James Mulholland, an English professor at the Wheaton College that Ann Curry confuses with mine, writes about the future of the humanities:

We could think of humanities centers as the beginning of a “more is more” strategy for our fields in the corporatized university. One constant complaint from humanists is that academic budgets are more devoted to financing the sciences, from expensive labs to costly science journals. In the competition for scarce resources, we need to be more aggressive in attracting research money, whether it’s through the pursuit of “big humanities” (digital projects, long-term edited collections, and the like) or through centers that can draw donors who want to see their names in lights.Some scholars worry that such efforts would undercut departmental budgets. But I think the opposite could happen. Humanities centers would complement traditional disciplines, provide publicity for the college, and, most important, direct money back to traditional disciplines. Centers are good advertising within the college, especially for donors who can see what it is that we do.

I’ve read Mulholland’s article several times, and I can’t figure out what exactly he is recommending. What counts as a “humanities center”? Who works there? What do they do? Are students involved, and if so in what ways? Also, what are “big humanities”? What kinds of “digital projects” would be likely to attract research money away from the sciences? Why would funding agencies be interested in “long-term edited collections,” and what would they be collections of?I don’t think the humanities are going to get anywhere unless we can come up with something a lot more specific than this.And I will say one thing about my own discipline: humanities centers or no humanities centers, I do not think that the study of literature will long survive as an independent concern within universities. I think by the time I retire literature will be studied only as part of two other disciplines: rhetoric and cultural history. And while that will be unfortunate in some ways, it won’t be the worst thing that ever happened to literature.

13 Comments

  1. Along these lines, the English Department at the University of Central Florida may soon be dividing into two separate departments: Writing and Rhetoric (despite the unfortunate acronym) and another department whose title escapes me which will house literature and my own Texts & Technology doctoral program.

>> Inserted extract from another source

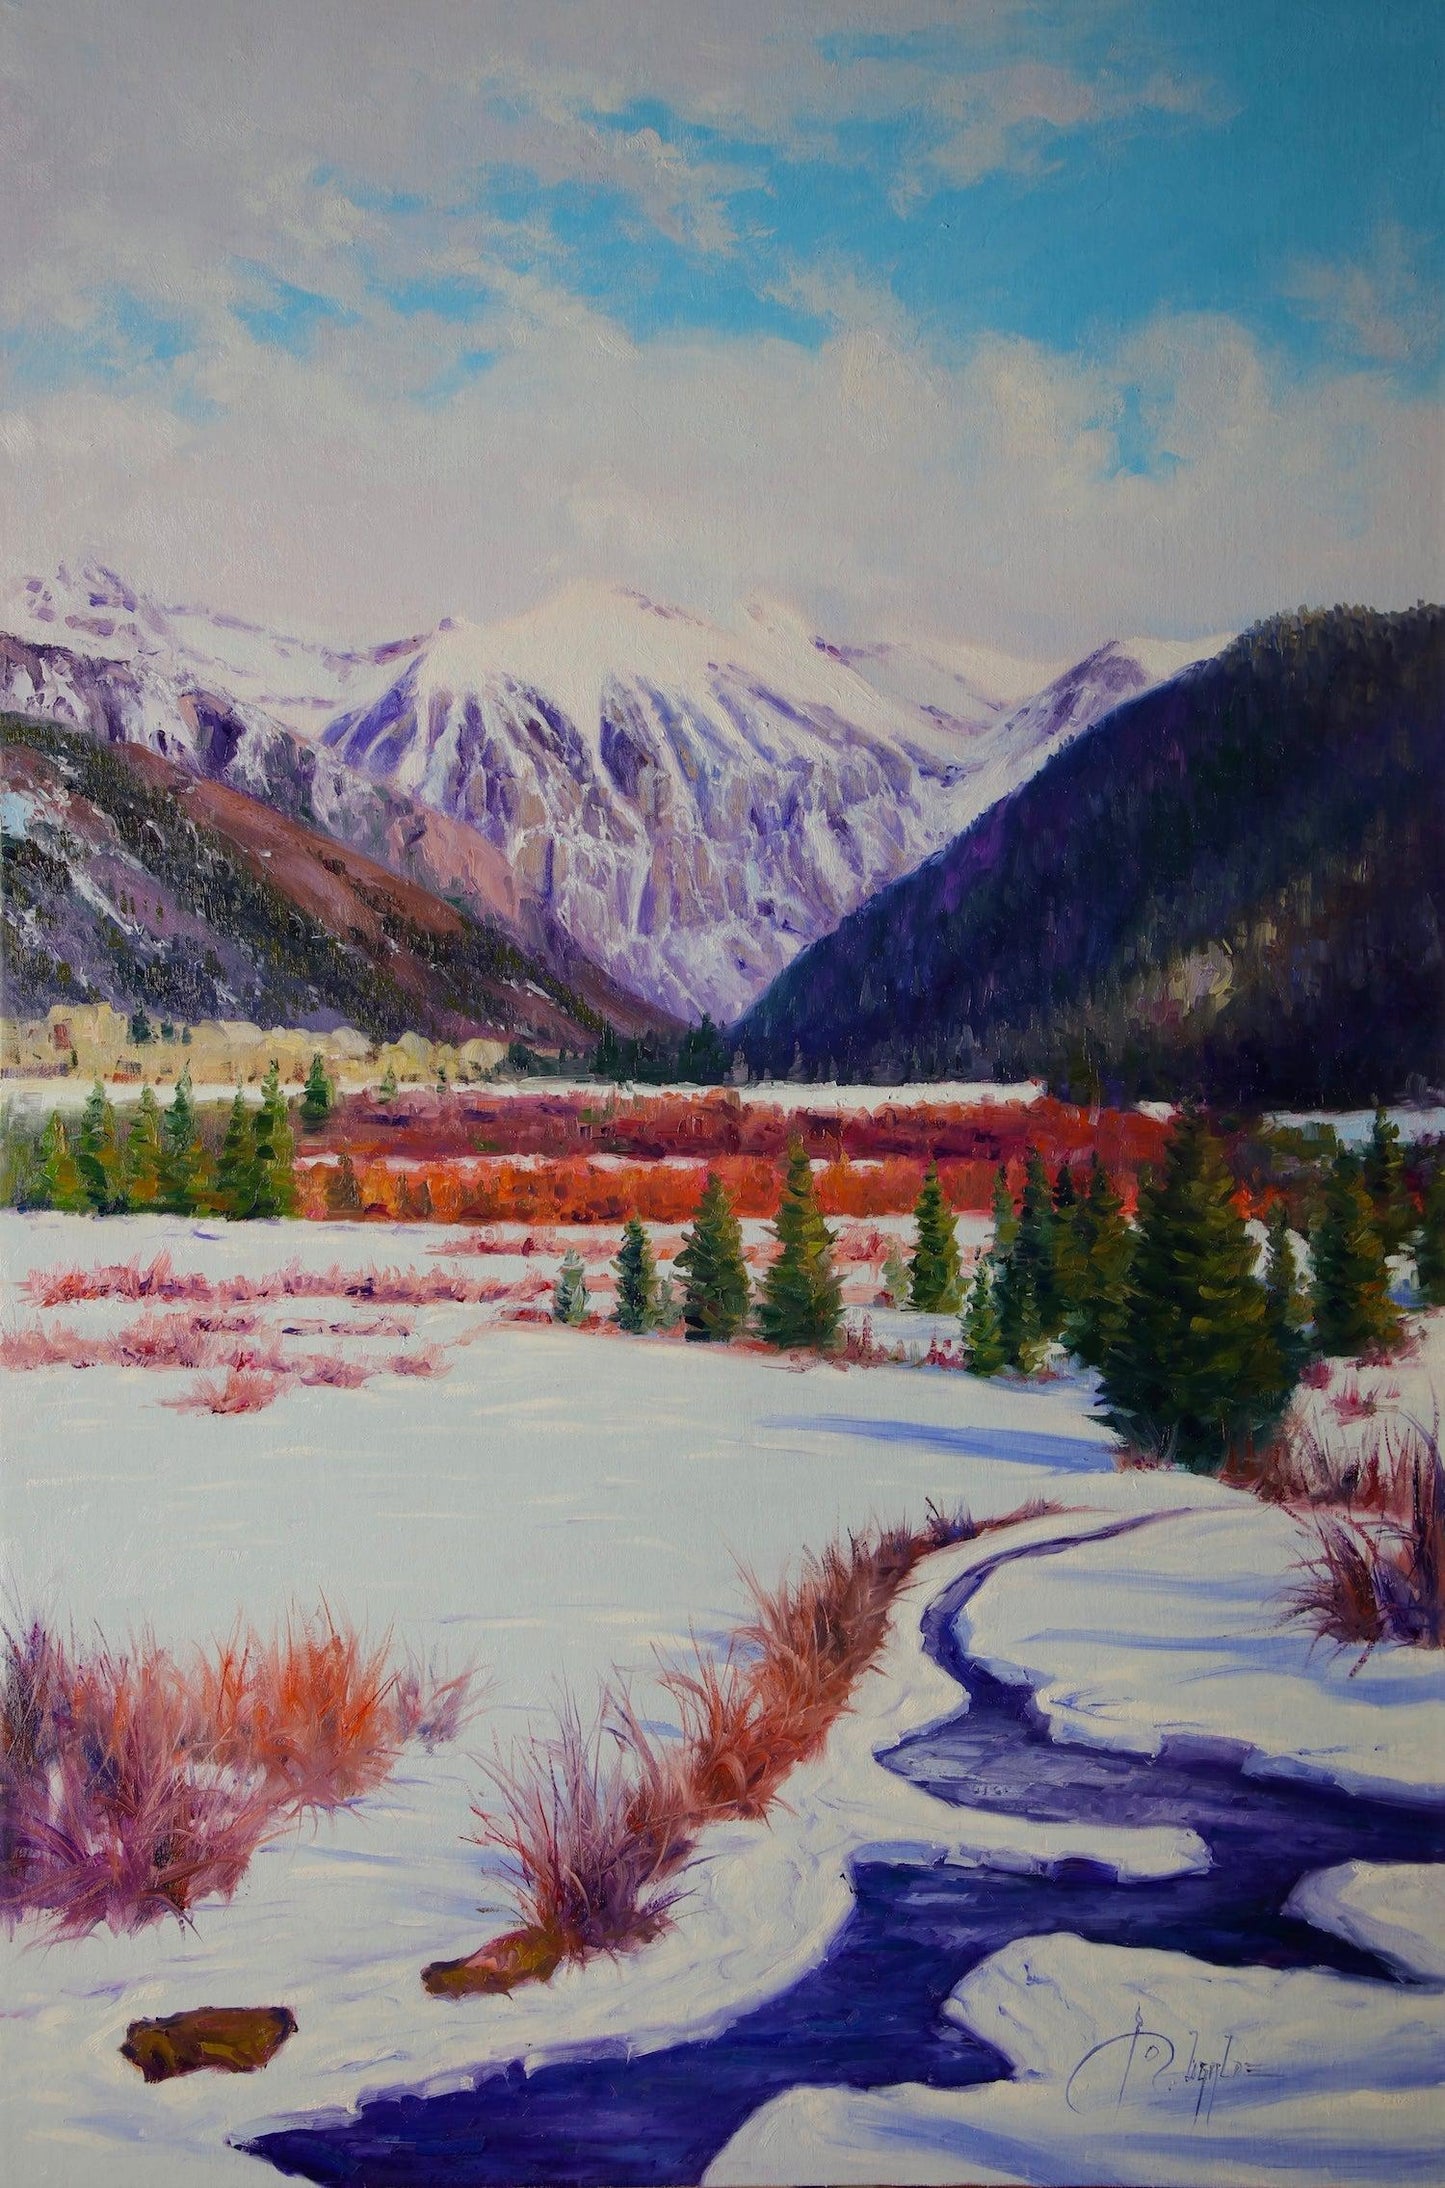 Telluride Winter-Painting-Roberto Ugalde-Sorrel Sky Gallery

    First step toward what future? Who knows.

  2. While we're talking about Keith Thomas, "humanities centers", academic disciplines, etc., I came across this just last night in the intro to the festschrift for Thomas by Peter Burke, et al, Civil Societies.

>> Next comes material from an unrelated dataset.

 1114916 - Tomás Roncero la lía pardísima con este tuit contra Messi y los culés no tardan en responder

    … there is at first sight something surprising about Keith's oft-repeated refusal to defend history as a distinct subject or department in universities. "I do not think there is a unique historical method", he said in 1990; historians are "totally parasitic for their ideas upon other disciplines… Historians don't have any ideas of their own. They on the whole tend to employ what they think of as common sense, which is really a debased version of the economics, philosophy or sociology [or literary theory?] of a generation or two ago". Yet he takes up this position precisely because he sees history as a civilizing form of study. If the historical approach were confined within departments of history, the many other subjects that it should fertilize might lose their historical component, and historians might simultaneously be assigned mere leavings and lose contact with the important intellectual developments occurring elsewhere. "It would be better", he thinks, "to regard every subject as having its historical dimension".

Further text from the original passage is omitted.